Punk band from Chicago

The Bollweevils is a punk band from Chicago.

The members consist of Daryl Wilson on vocals, Joe Mizzi on bass, Ken Fitzner ("Ken Weevil") on guitar, and Pete Mumford on drums.

Former members include founding bass player, Bob Skwerski, Brian Czarnik (who played simultaneously in Oblivion) on drums later replaced by Brett Friesen (who played simultaneously in Houseboy). Pete Mittler played bass from 2017-2023. The Bollweevils formed during the Naked Raygun era which was where the band members met and also, for whom they eventually opened.

The group released a number of albums on Dr. Strange Records; though, their first, minor releases were on Underdog Records (Chicago). The group's current record label, Go Deaf Records LLC, is owned and operated by the band. The Bollweevils released a new album, "Essential," on Red Scare Industries in 2023. It was their first album release in 14 years.

== History ==
In a 2011 interview, Ken Weevil detailed the band's origins and their opening for Naked Raygun in 1989: "I sent a letter with a tape to Naked Raygun. I had forgot to include a phone number. I just wanted to let them know that I loved the band. One day, I got a letter back asking us if we wanted to play with them at the Metro. It was the Metro's 9th anniversary show. We opened the show." The show was the first with Darryl Wilson as lead vocalist.

In the summer of 1993, the band went on a cross-country road tour with the Smoking Popes and 88 Fingers Louie.

The Bollweevils' July 4, 1995 show at the Metro was recorded by Elliott Dicks and Robby Campbell and released on Dr. Strange Records as Weevillive. While Bollweevils shows were normally peaceful affairs the July 4th show was notable as Wilson, after Metro security became physically aggressive with audience members, declared the band would never play the Metro again. Famously, an audience member declared over the PA: "Let the fucking kids have fun, assholes."

== Hiatus (1996–2003) ==
Ultimately, the Bollweevils dissipated when Daryl completed medical school and became a doctor. Ken started a new band, The Feds. The Bollweevils played their 'last' show at the Fireside Bowl on Saturday, November 2, 1996 headlining after bands The Fixtures, The Undesirables, The Freeze, and Whatever.

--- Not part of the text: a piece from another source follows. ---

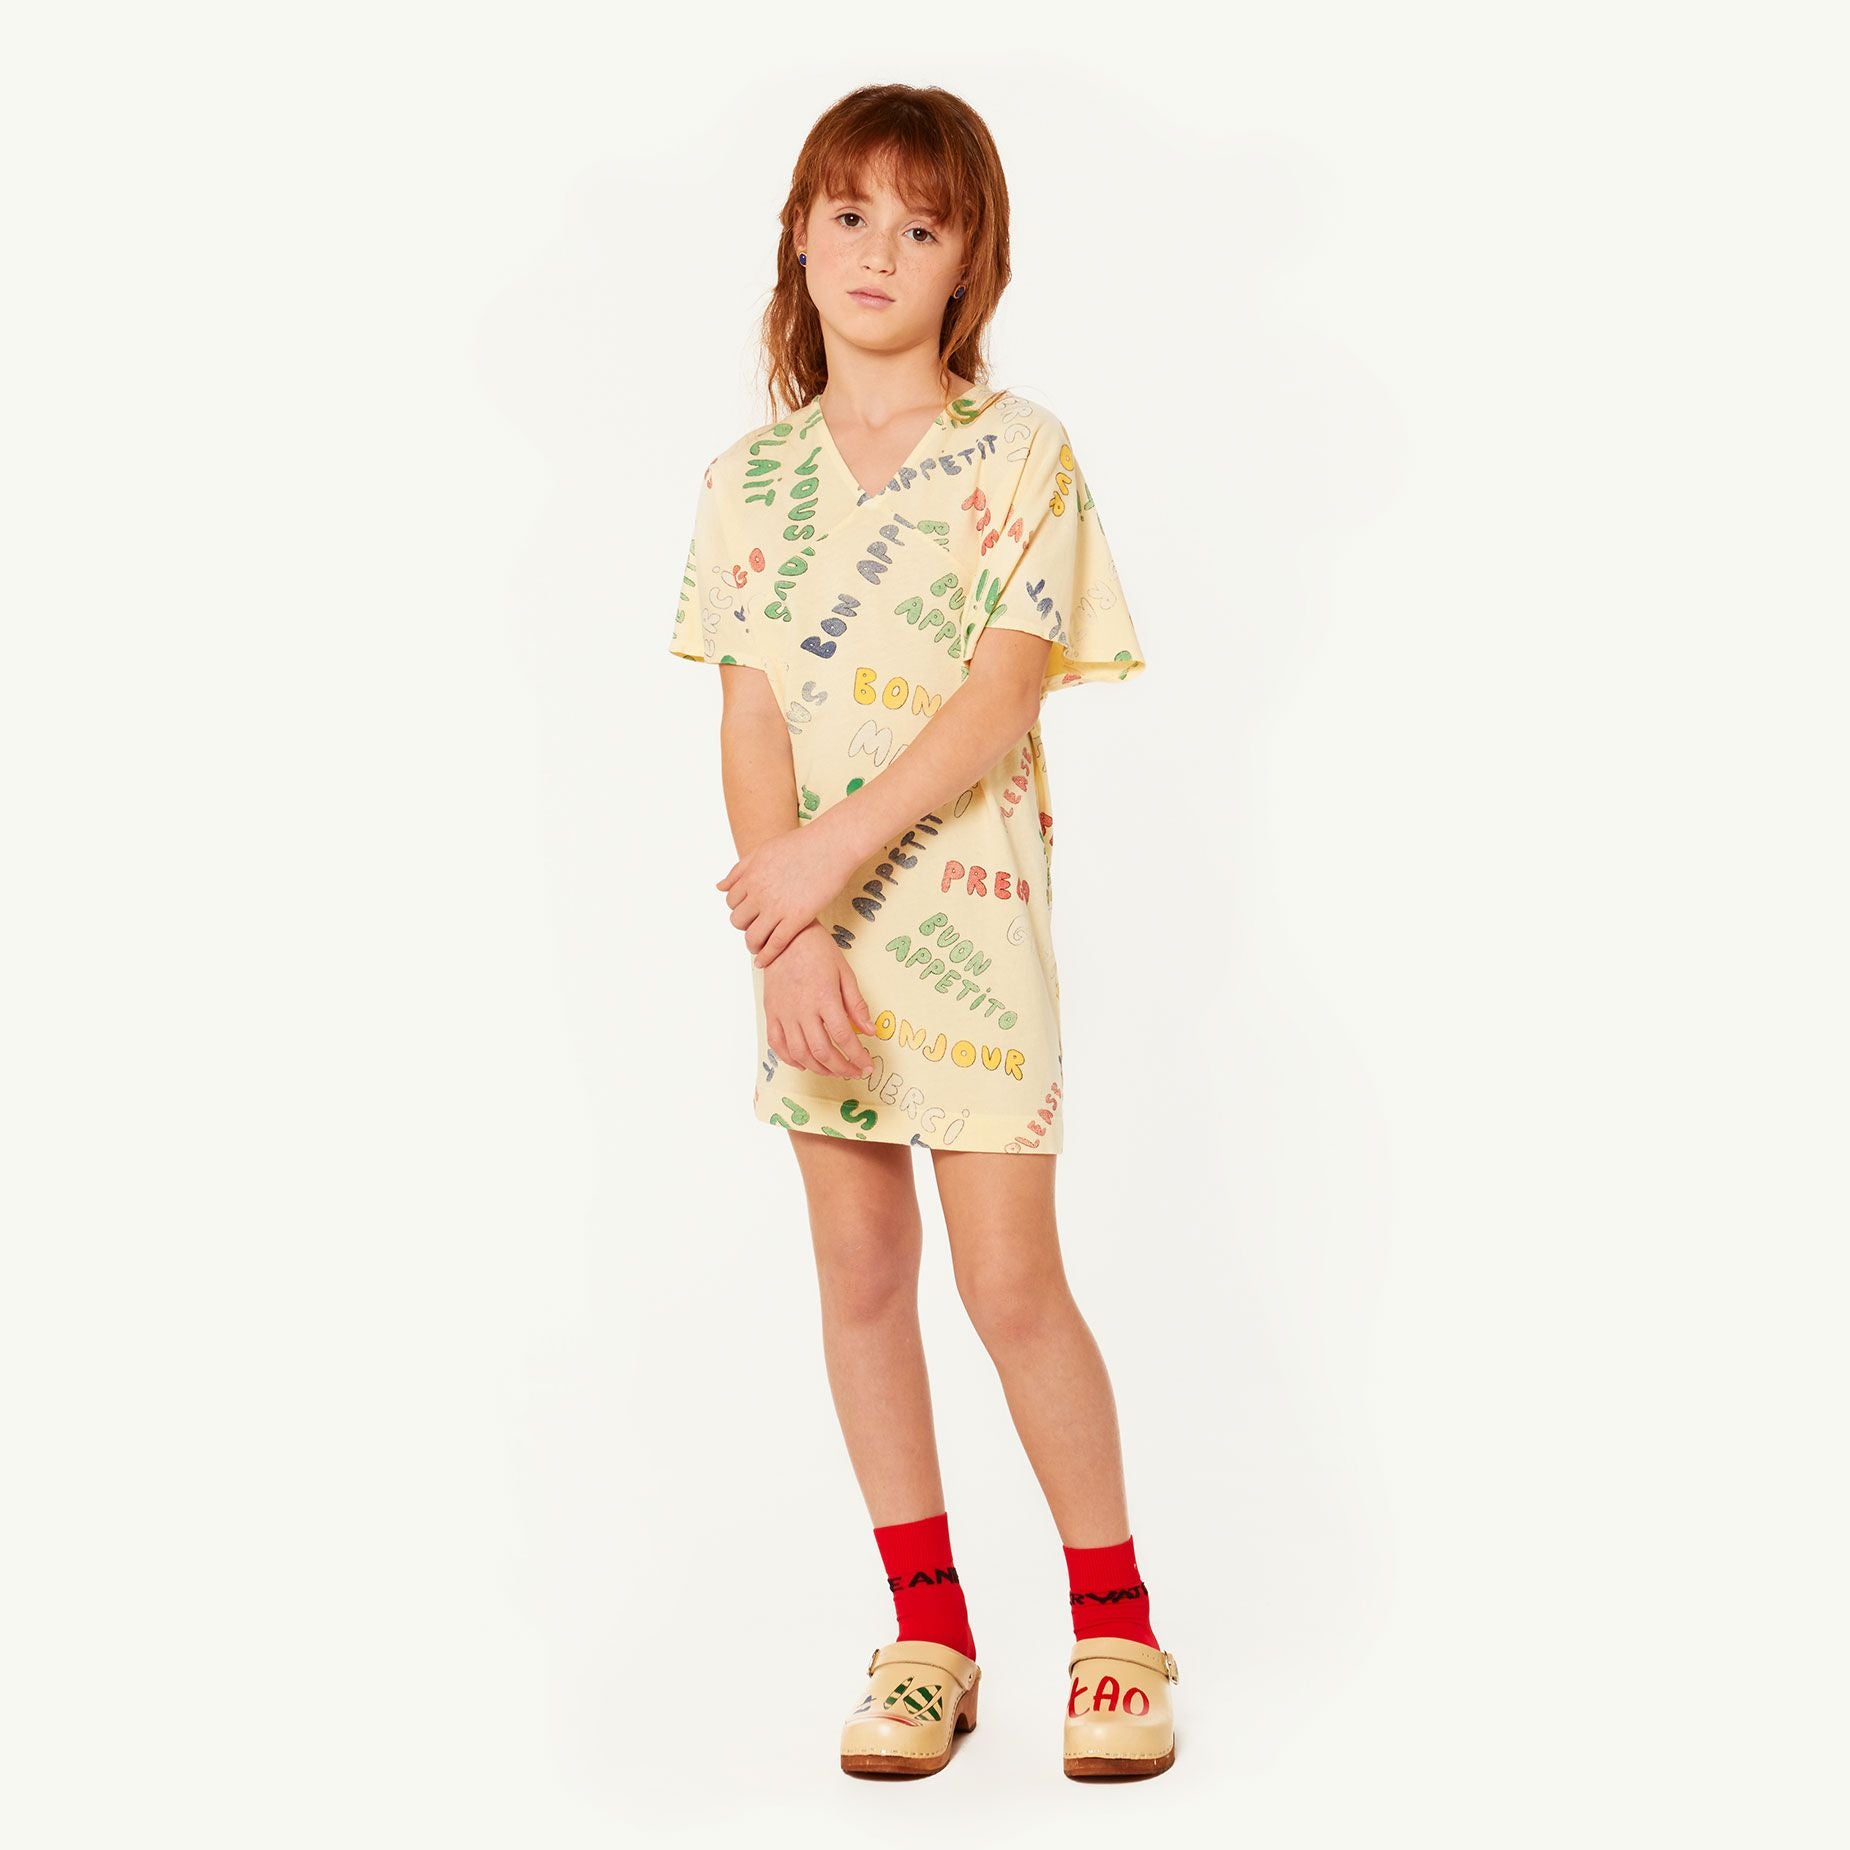 DRAGON KIDS DRESS, YELLOW WORDS - Cemarose Children's Fashion Boutique

== Reunions and Current Lineup ==
The Bollweevils reunited for one show in late 2003 for WLUW, the college radio station at Loyola University Chicago, and then again on November 3 and played a show at Double Door and November 5, 2006, for Riot Fest at the Congress Theater, which Naked Raygun headlined. The group says it will play another show if they can get 1000 friends on their MySpace account. In 2007, the group posted on their official website: "The Bollweevils reunion at Riot Fest 2006 wasn't a one-off deal and we're all super stoked to say that we’re a band again".

In 2011, The Bollweevils amicably parted ways with founding bassist, Bob Skwerski, and recruited bass player, Miguel Perez.

The band was performing actively and working on new music as of 2012.

==Discography==

===Albums===
- Stick Your Neck Out! (released 1994 on Dr. Strange Records)
- History of the Bollweevils, Part I (released 1995 on Dr. Strange Records) - compilation of pre-Stick Your Neck Out releases
- Heavyweight (released 1995 on Dr. Strange Records)
- Weevillive (released 1996 on Dr. Strange Records) - live album
- History of the Bollweevils, Part II (released 1999 on Dr. Strange Records) - compilation of post-Stick Your Neck Out releases
- Essential (2023 Red Scare)

===Minor releases===
- "A Very Punk Christmas" (Various Artists, 2×7″ released 1993 on Rocco Records/Further Beyond Records)
- "Viva Chicago" (Bollweevils / 88 Fingers Louie split 7-inch covering classic Chicago punk, released 1994 on Rocco Records)
- A Deadly Duo (Bollweevils/The Freeze split, released 1996 on Dr. Strange Records)
- "Carol EP" (Bollweevils/4-Squares split) released 1997 Dr. Strange Records Quincy Shanks Records: 4-Squares Releases
- Plan 7-inch From Outer Space! (Bollweevils/Sleepasaurus split, released 1997 on Motherbox Records)
- Doc Hopper/ Bollweevils split (released 1997)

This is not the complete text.